Hier mal eine etwas neuere Idee zum Thema IDE:

Chris Granger - Light Table - a new IDE concept


----------



## Marco13 (16. Apr 2012)

Vielleicht habe ich was übersehen (sicher, ich hab's nur überflogen  ) aber im Vergleich zu Code Bubbles Project: Rethinking the User Interface Paradigm of Integrated Development Environments sieht das erstmal ziemlich ... rudimentär aus. Was CodeBubbles da macht fand ich schon damals, es es erstmals veröffentlicht wurde, RICHTIG cool, und ich gehe davon aus (oder hoffe) das Aspekte davon ihren Einzug in "normale" IDEs halten werden. Eine Debug-Session abspeichern, und ihren Verlauf mit einer weiteren Session vergleichen?
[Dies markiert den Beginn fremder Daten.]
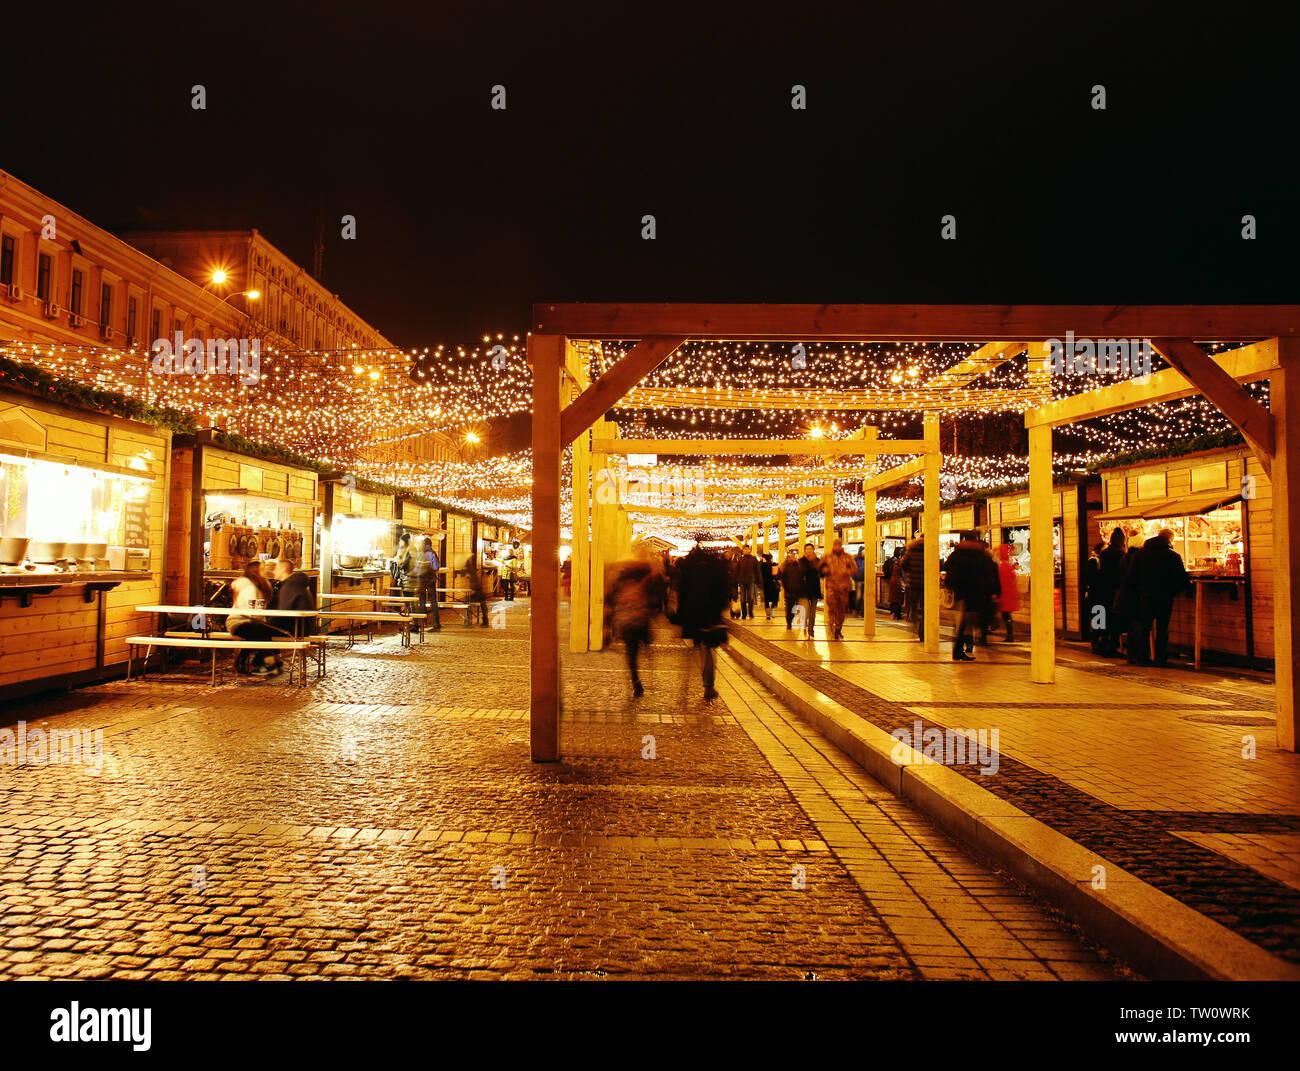 Walking people on Christmas fair - Stock Image

Aufrufhierarchien über mehrere Java-Dateien hinweg mit Code(!) gleichzeitig (!) auf dem Bildschirm zu halten? etc etc. ... Aber werde mir den Artikel bei Gelegenheit nochmal genauer ansehen, vielleicht machen die das auch alles auch


----------



## Landei (16. Apr 2012)

Der Autor erwähnt Code Bubbles jedenfalls:



> We saw an example of this with Code Bubbles, but it doesn't take it far enough - why can't we embed a running game on our work surface? Then we can interrogate it, ask it questions and have our environment answer them for us.


----------



## gman (16. Apr 2012)

@Marco13:

Ich kannte Code Bubbles noch nicht, daher war mir das neu. Aber wer macht heutzutage schon
was richtig neues?


----------



## Marco13 (16. Apr 2012)

Ja, das hatte ich gesehen... aber dem einen Satz nach klingt es, als würde das in einem sehr spezifischen Aspekt über CodeBubbles hinausgehen (das mit dem "ask questions about it" klingt dann eher nach Whyline von Natural Programming , aber vielleicht klärt sich das, wenn ich den Artikel _richtig_ lese... :rtfm:  )


EDIT: @gman ja, mal genauer schauen - beim Drüberlesen von sowas wie _"Want to know what partial does? Just put your cursor on top of it._" - dachte ich halt erstmal: Joa, Tooltips, und...?" aber vielleicht haben sie ja was innovatives drin...


----------